For the first two years, I wrote everything myself and then eventually brought on two freelance writers to help knock out additional content. I would create the outline and keywords to include, then still edit a bit and add my voice. But it would save me a few hours of time each week.
My content strategy was pretty simple. I had a handful of categories that I wanted to cover on Invested Wallet, so I’d start at one category and publish a post, then move to the next category, etc.
As far as keyword research, it was usually a combination of using Google Auto Suggest and related topics, Search Console, Keyword Surfer, and SEMRush. I had a huge spreadsheet of topics and keywords to tackle and would keep adding any ideas that I could check on topic, difficulty, what competitors wrote about it, etc.
What were your keys to success with the site?
- Web traffic, specifically from Google (and time on site)
- Revenue from sponsorships, affiliates, display ads
- Brand awareness, people knowing about Invested Wallet
Why and when did you decide to sell the site?
After 3 years of running it, I was getting a bit burned out. There were some ups and downs with Google Algorithm shifts. I didn’t have the passion to keep writing as much as I was, and I felt there was an opportunity for someone to take it to the next level.
I knew I wouldn’t hold on to this forever, as my plan was to build it up for a while and then sell. Plus, my wife and I were ready to start a family and find a house, so the extra cash would help us with those goals.
How did you find a buyer for the site?
Fortunately, I was in some online communities for bloggers and those in the finance space. I considered listing on some of the known marketplace sites but wanted to avoid it if I could just with the broker fees. While those typically are fair and it’s part of the marketplace business model, I wanted to keep as much as possible.
So, I just put my note into those communities that I was looking to sell and the range I was ideally looking for to see who might be interested.
I had one deal almost complete for more than I asked, but it fell through. But then one of the blogging communities I was in, a few folks grouped together and gave me a fair offer. And we closed the deal from there.
If you could go through the process of selling it again, would you do anything differently?
For my first major site sale without a broker, I think it went pretty well. However, for future ones, if I were not approached first to sell, I probably would use a broker like Empire Flippers, Acquire.com, or something similar. While there are fees involved, I’d be able to get in front of more qualified buyers instead of trying to source my own.
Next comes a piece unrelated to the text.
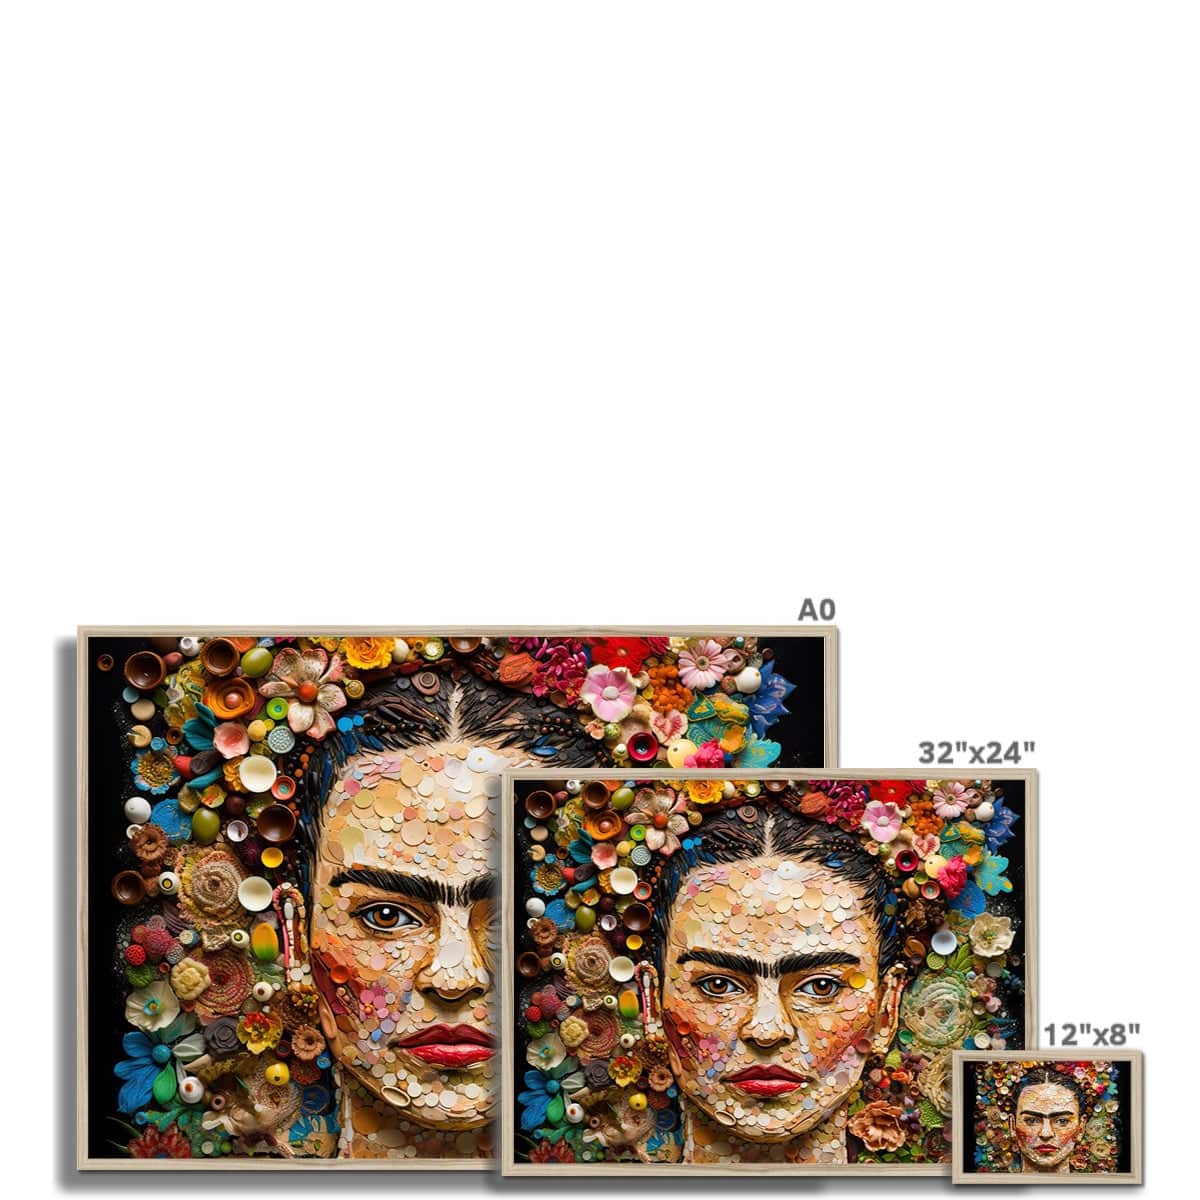 Frida Kahlo Portrait Framed Print - Pixel Gallery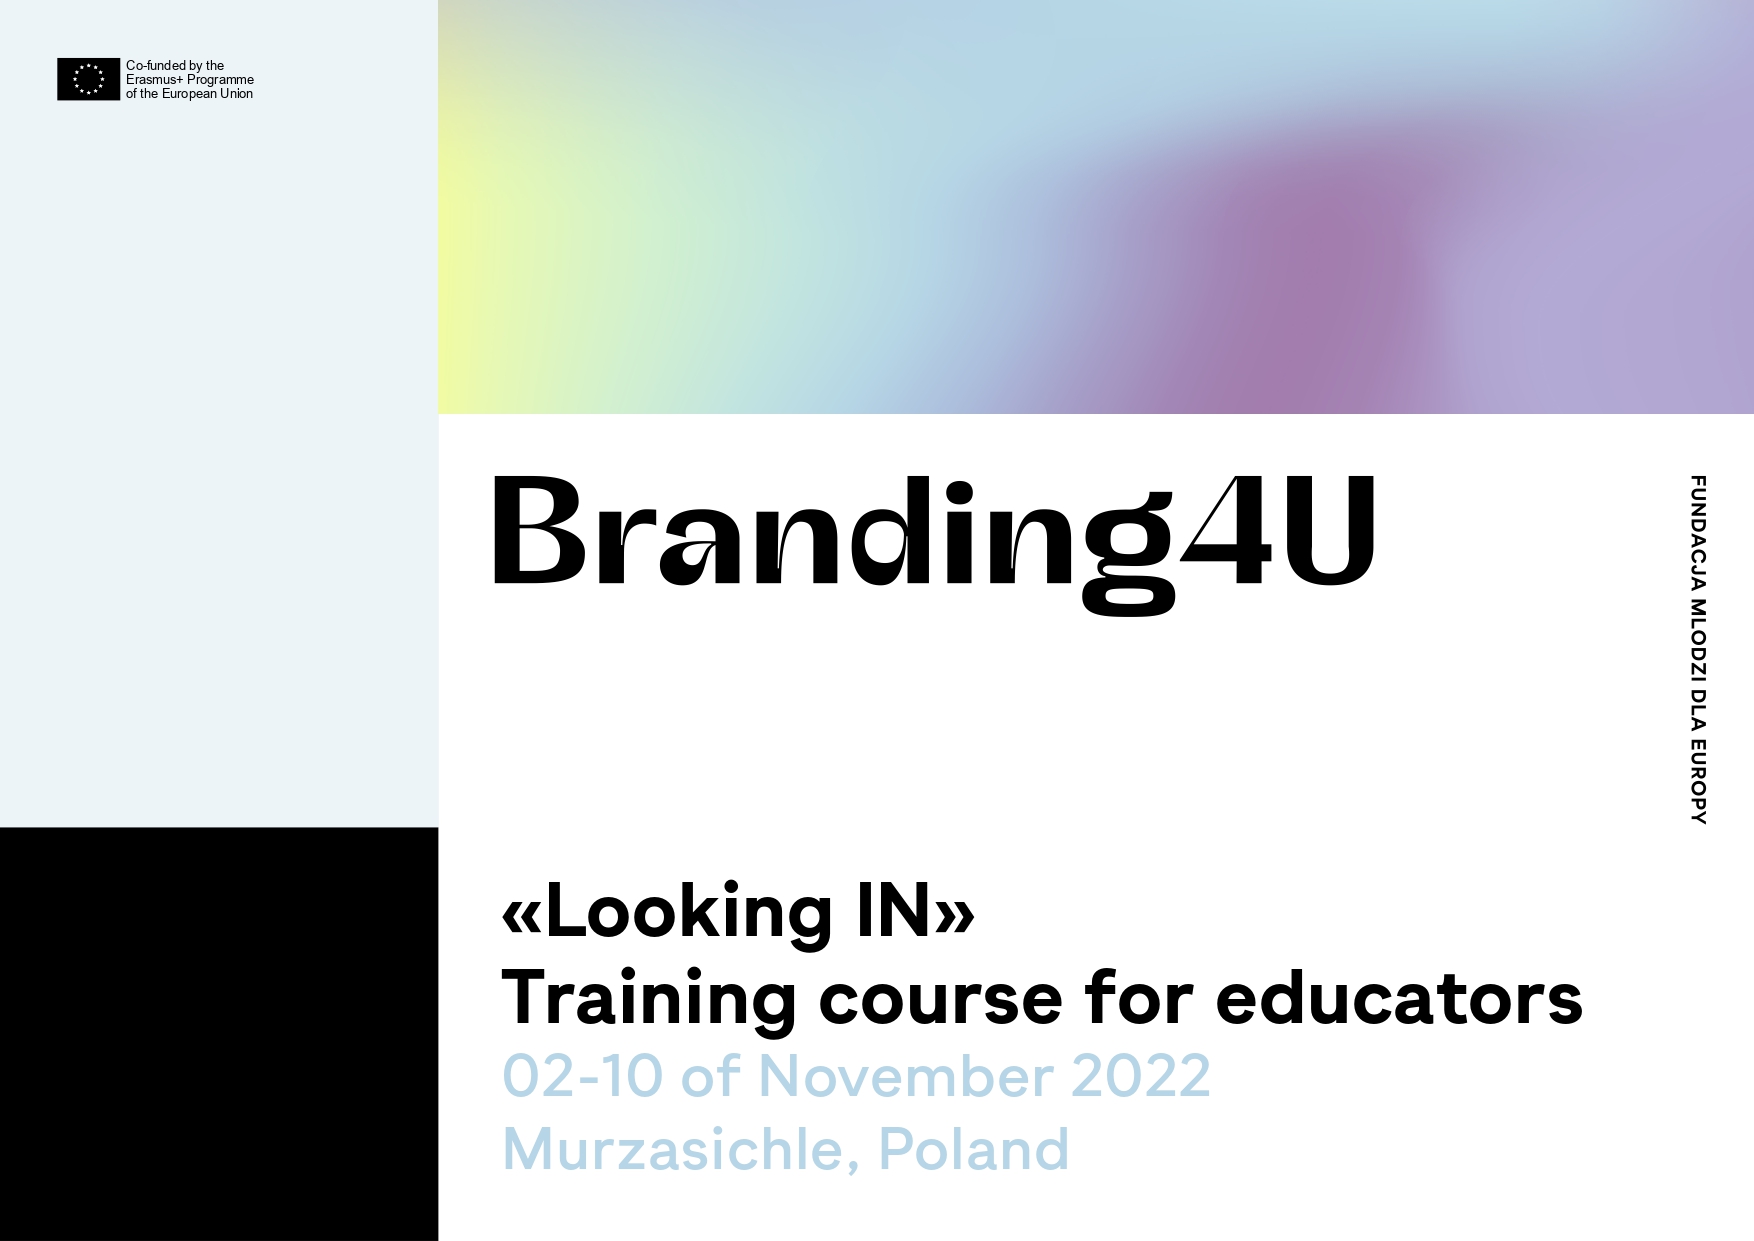 Corso di formazione "Branding4u" a Murzasichle, Polonia, dal 2 al 10 novembre 2022.

What do you think you gained through your experience with Invested Wallet?
This was my first blog/content site where I treated it like a business from day one. I learned a lot about opening an LLC, doing bookkeeping with QuickBooks, taxes, growing additional marketing skills, and the process of selling an asset like this.
I’ve always learned something from my side hustles. It’s why I’m a big fan and encourage others to start one (it doesn’t have to be content sites, but find something they can do on the side).
What are you working on now?
Beyond working full-time in marketing, I started Remote Work Junkie in March 2022.
A few months after selling Invested Wallet. I took a break for a bit, but I knew my next site would be around remote work and careers. Something I’m also passionate about, as I’ve been working fully remote since 2017. And Remote Work Junkie was born!
The website features articles and tips all about remote work, finding remote jobs, managing remote teams, career advice, and has a job board for remote positions.
I’m also working on a potential marketing agency for founders and SaaS startups but with a slight twist on the traditional model. That’s in the website design phase, and I hope to have it out in the coming months.
Thank you Todd for taking the time to answer these questions and share about your experience.